$(1+x)^{20}=\sum_{r=1}^{20}a_rx^r$ where $a_r=\binom{20}{r}$, find the value $\mathop{\sum\sum}_{0\le i<j\le 20}(a_i-a_j)^2$

Question

$(1+x)^{20}=\sum_{r=1}^{20}a_rx^r$ where $a_r=\binom{20}{r}$, find the value $$\mathop{\sum\sum}_{0\le i<j\le 20}(a_i-a_j)^2$$

I first calculated the value of $\mathop{\sum\sum}_{0\le i<j\le 20}(a_j)^2$

$$A=\mathop{\sum\sum}_{0\le i<j\le 20}(a_j)^2=\frac{1}{2}\left(\mathop{\sum\sum}_{0\le i,j\le20}(a_j)^2-\sum_{0\le i\le20}a_i^2\right)=\frac{1}{2}\left(41\binom{40}{20}-\dbinom{40}{20}\right)=20\dbinom{40}{20}$$

Then I calculated the value of $\mathop{\sum\sum}_{0\le i<j\le 20}(a_ia_j)$

$$B=\mathop{\sum\sum}_{0\le i<j\le 20}(a_ia_j)=\frac{1}{2}\left(\mathop{\sum\sum}_{0\le i,j\le20}(a_ia_j)-\sum_{0\le i\le20}a_i^2\right)=\frac{1}{2}\left(2^{40}-\binom{40}{20}\right)$$

The final answer I got was $2A-2B=41\binom{41}{20}-2^{40}$

But given answer is $41\binom{42}{20}-2^{40}$

Answer 1

From $(a_i - a_j)^2 = a_i^2 - 2 a_i a_j + a_j^2$, I'm pretty sure you want $2A - 2B$. But your $A$ and $B$ give $2A - 2B = 41 \binom{40}{20} - 2^{40}$, which is also not the given answer, so there must be error(s) in your $A$ and/or $B$. When I compute $A$, I get $10 \binom{40}{20}$ and when I compute $B$, I get the same value you have. This suggests a factor of $2$ error in your computation of $A$. I compute: $$\begin{align} A &= \sum_{i=0}^{20} \sum_{j=i+1}^{20} a_j^2 \\ &= \frac{1}{2}\left( \sum_{i=0}^{20} \sum_{j=0}^{20} a_j^2 - \sum_{i=0}^{20} a_i^2 \right) \\ &= \frac{1}{2}\left( 21 \binom{40}{20} - \binom{40}{20}\right) & &\text{(contra. your $41 \dots$) }\\ &= 10 \binom{40}{20}, \end{align}$$ getting the expected factor of $2$ discrepancy.

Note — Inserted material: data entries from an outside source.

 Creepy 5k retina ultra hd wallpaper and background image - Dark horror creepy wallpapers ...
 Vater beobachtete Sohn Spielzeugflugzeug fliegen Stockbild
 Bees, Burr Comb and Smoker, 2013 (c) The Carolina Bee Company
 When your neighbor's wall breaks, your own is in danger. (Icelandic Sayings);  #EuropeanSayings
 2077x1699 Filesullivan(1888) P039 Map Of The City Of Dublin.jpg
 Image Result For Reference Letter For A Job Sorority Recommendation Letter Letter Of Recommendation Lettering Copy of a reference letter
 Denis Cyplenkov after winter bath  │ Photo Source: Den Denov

With this new $A$ and the old $B$, we have $$\begin{align} \sum_{i=0}^{20} \sum_{j=i+1}^{20} (a_i - a_j)^2 &= 2A - 2B \\ &= 20 \binom{40}{20} - \left( 2^{40} - \binom{40}{20} \right) \\ &= 21 \binom{40}{20} - 2^{40}. \end{align}$$

The given answer is more than $10$ times larger than this, so I am dubious about its correctness.

Aside: Checking numerically: $$ \begin{align} \sum_{i=0}^{20} \sum_{j=i+1}^{20} (a_i - a_j)^2 &= 1\,795\,265\,477\,444. \\ 21 \binom{40}{20} - 2^{40} &= 1\,795\,265\,477\,444. \\ 41 \binom{41}{20} - 2^{40} &= 9\,934\,774\,798\,244. \\ 41 \binom{42}{20} - 2^{40} &= 19\,965\,944\,276\,444. \end{align}$$

Answer 2

Using Lagrange Identity (that is $$\sum_{i=1}^nx_i^2\sum_{j=1}^ny_i^2=\sum_{i<j}(x_iy_j-x_jy_i)^2+\left(\sum_{i=1}^nx_iy_i\right)^2.)$$, taking $n=20$, $x_r=a_r$ and $y_r=1$ we get $$20\sum_{i=1}^{20}a_i^2=\sum_{1\le i<j\le 20}(a_i-a_j)^2+\left(\sum_{i=1}^{20}a_i\right)^2...(*)$$.

Thus, remembering that $a_r=\binom{20}{r}$, we have $\sum_{i=1}^{20}a_i=2^{20}-1$ and $\sum_{i=1}^{20}a_i^2=\binom{40}{20}-1$.

Can you conclude? (Note that sum $\sum(a_i-a_j)^2$ in $(*)$ begins in 1, while you need that sum begining in 0).